The 2006 Italian football scandal, or Calciopoli in the Italian-speaking world, involved Italy's top professional football leagues, Serie A and Serie B. The scandal was uncovered in May 2006 by Italian police, implicating league champions Juventus and other major teams including Milan, Fiorentina, Lazio, and Reggina when a number of illegal telephone interceptions showed a thick network of relations between team managers and referee organizations, being accused of rigging games by selecting favourable referees.

The scandal first came to light as a consequence of investigations of prosecutors on the Italian football agency GEA World. Transcripts of recorded telephone conversations published in Italian newspapers suggested that during the 2004–05 season, Juventus general managers Luciano Moggi and Antonio Giraudo had conversations with several officials of Italian football to influence referee appointments.

The name Calciopoli (which could be translated as "Footballville") is an ironic adaptation of Tangentopoli ("Bribesville"), which is the name that was given to some corruption-based clientelism in Italy during the Mani Pulite investigation in the early 1990s.
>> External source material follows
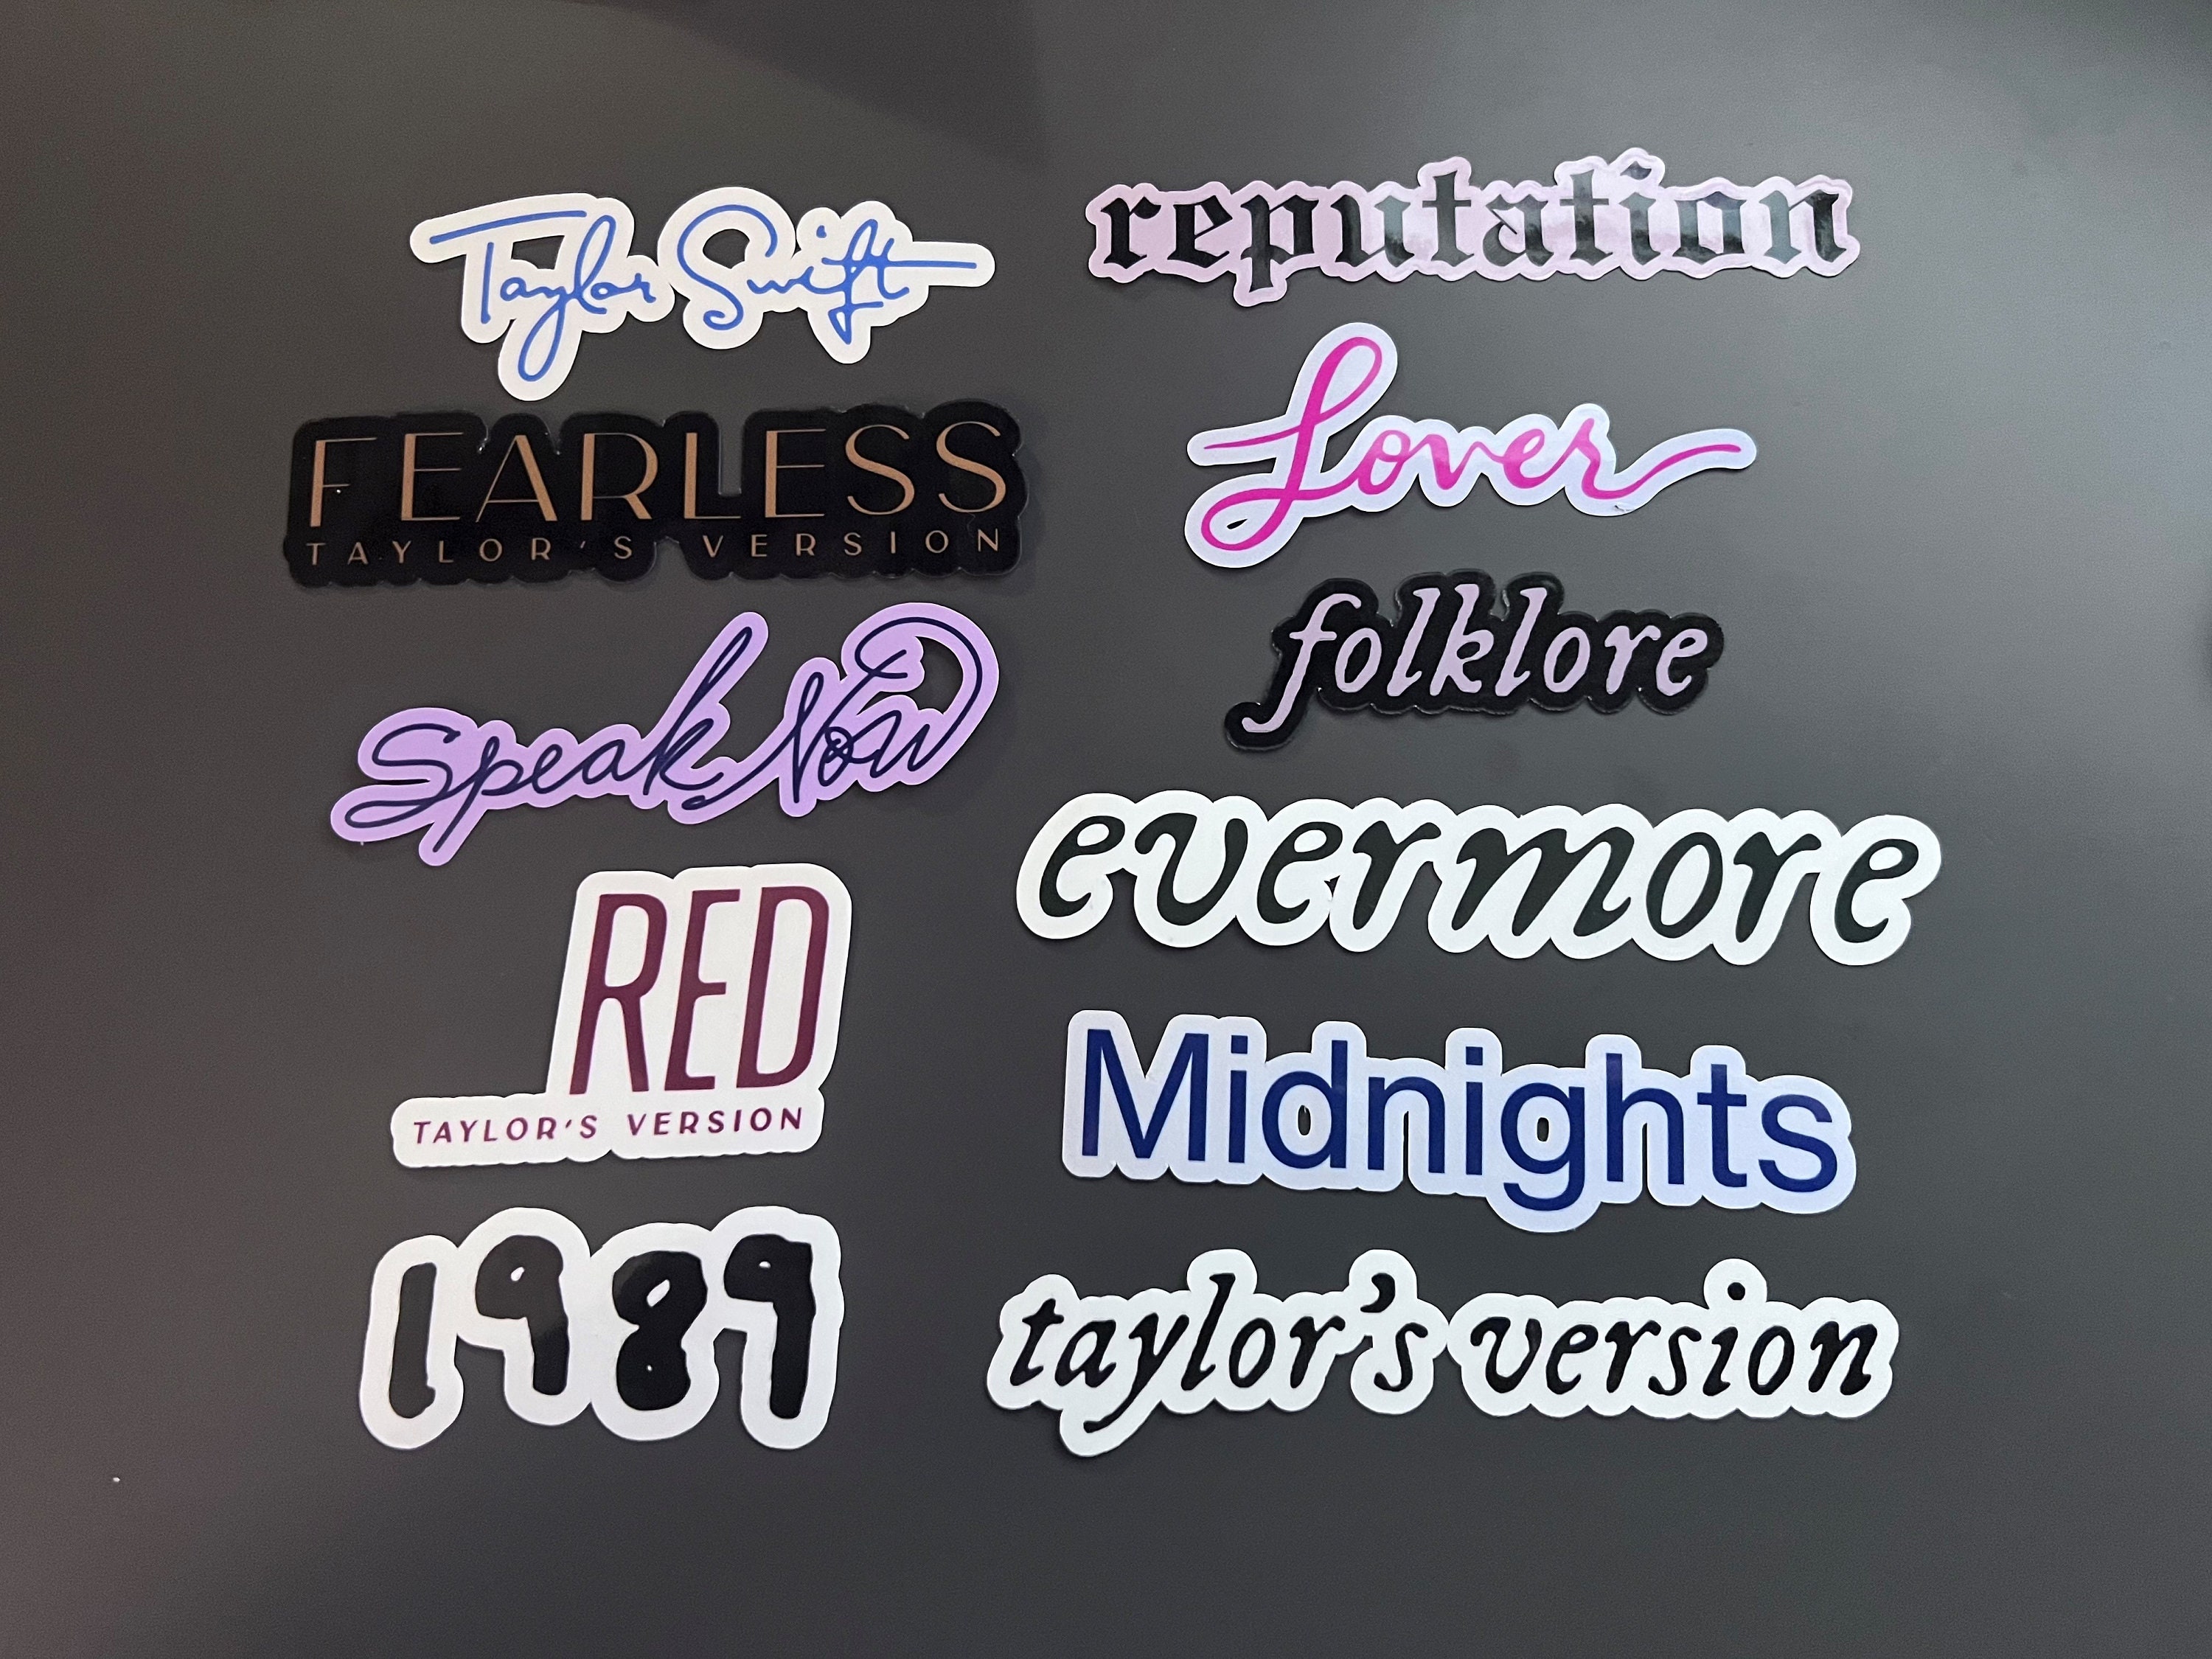 Taylor Swift Eras Tour sticker – Del Bravo Record Shop

On 4 July 2006, the Italian Football Federation's prosecutor, Stefano Palazzi, called for all four clubs at the centre of the scandal to be thrown out of Serie A. Palazzi called for Juventus "being excluded from the Serie A Championship and assigned to a lower category to Serie B with 6 points deducted," without a specific division stated, and for Milan, Fiorentina and Lazio to be downgraded to last place in the 2005–06 championship and relegation to Serie B. He also asked for point deductions to be imposed for the following season for the clubs (three for Milan, and 15 for both Fiorentina and Lazio). The prosecutor also called for Juventus to be stripped of its 2005 and 2006 titles.